Major-General William Driscoll Gosset FRSE (1822–1899), also Gossett, was a British Army officer serving in the Royal Engineers. A skilled engineer and surveyor, he did much work on the original British Ordnance Survey.

Early life
He was born in London on 13 April 1822, the second son of Major John Noah Gossett (1793 - 1870) of the Rifle Brigade and his wife, Maria Margaret Driscoll (1796 - 1883).

He was commissioned as a lieutenant in the Royal Engineers in 1840 and was deeply involved in the survey work in Britain 1840 to 1850. He was promoted captain in 1850.

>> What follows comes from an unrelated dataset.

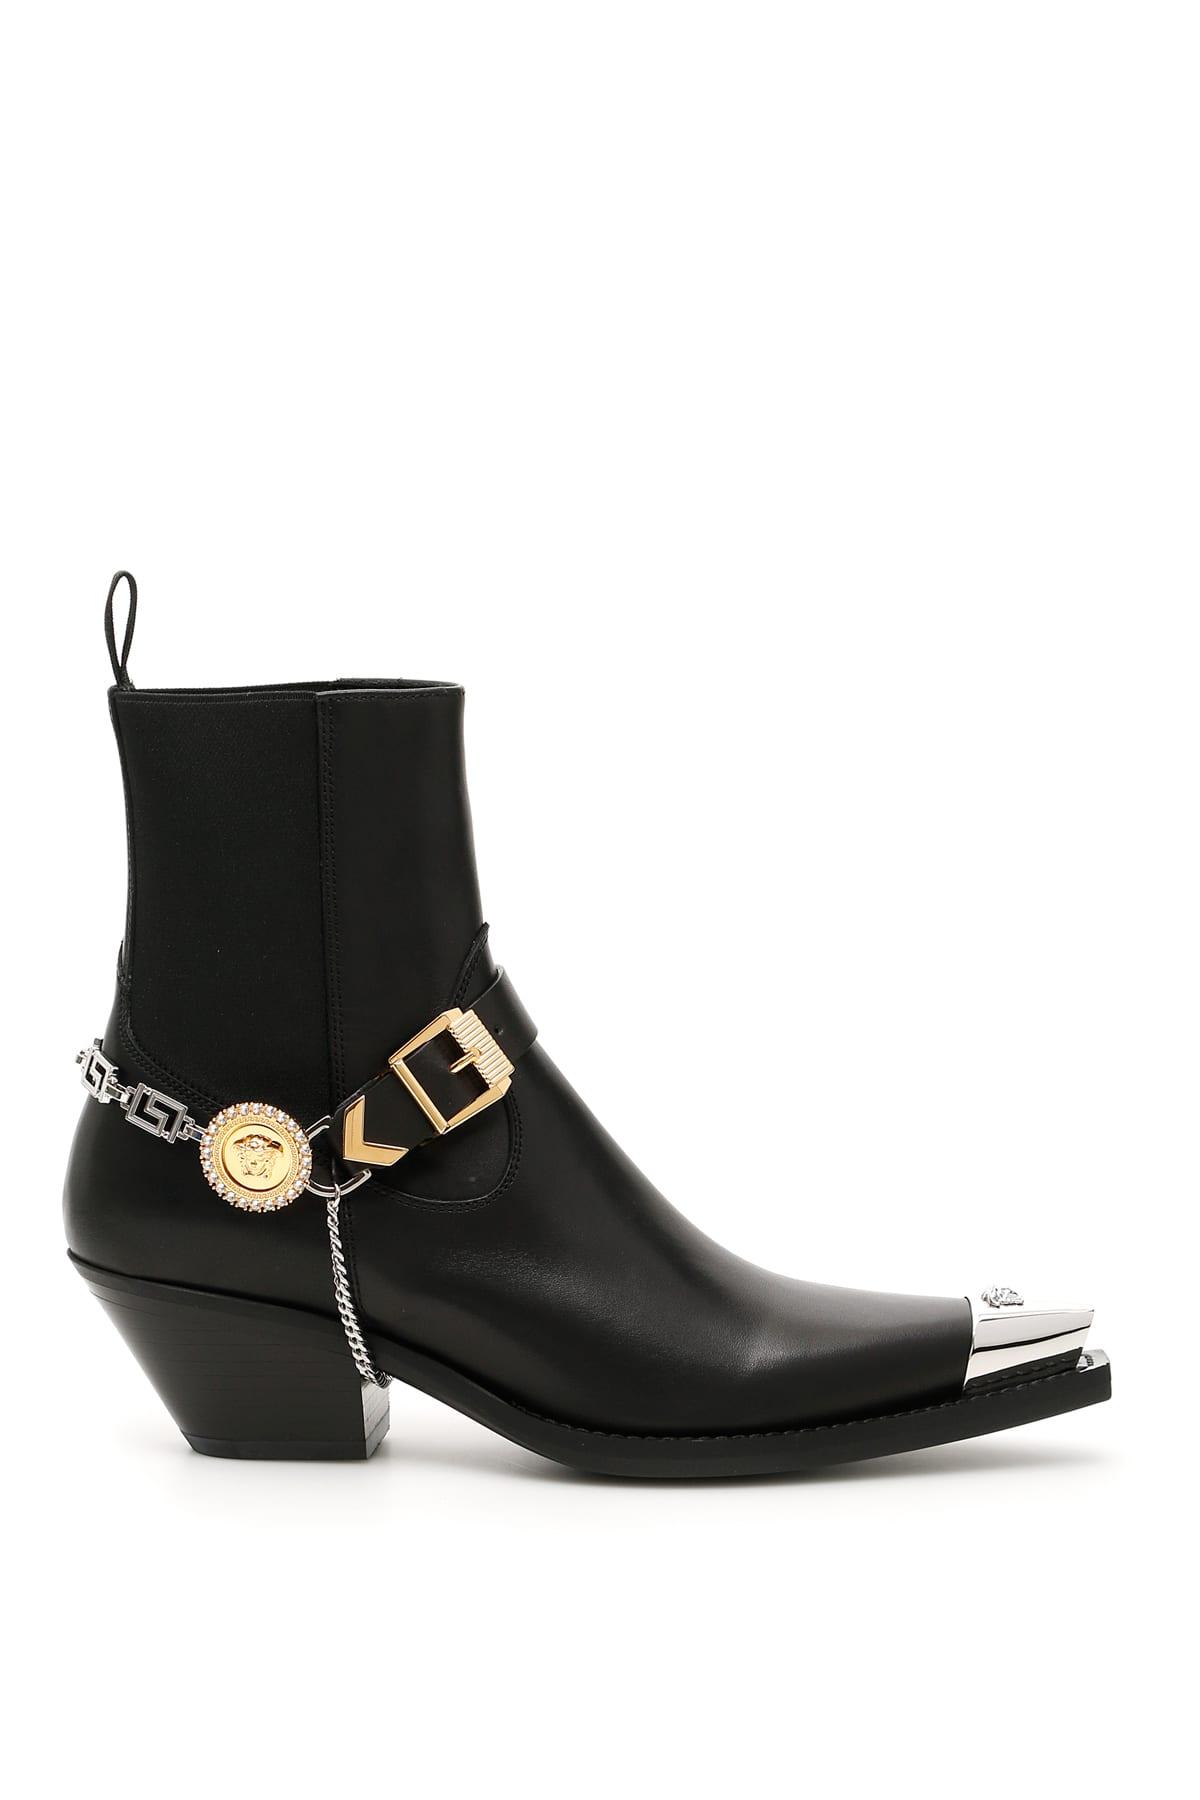 Versace Leather Medusa Chain Western Boots in Black - Lyst

He was for his mapping work elected a Fellow of the Royal Society of Edinburgh in 1850, subsequent to his proposal by Charles Piazzi Smyth.

Ceylon
In 1855 Gossett was made 6th Surveyor General of Ceylon, succeeding H. Chims in this role, and holding the office until 1858. He was succeeded by Charles Sims. He was active in recruiting assistants, interviewing in London; but failed to spot embezzlement by the survey's head clerk.

British Columbia
Gosset then served as Colonial Treasurer of British Columbia, arriving in November 1858. He clashed seriously with James Douglas, from 1860. He also uncovered book-keeping issues, and recommended the dismissal of Alexander Caulfield Anderson.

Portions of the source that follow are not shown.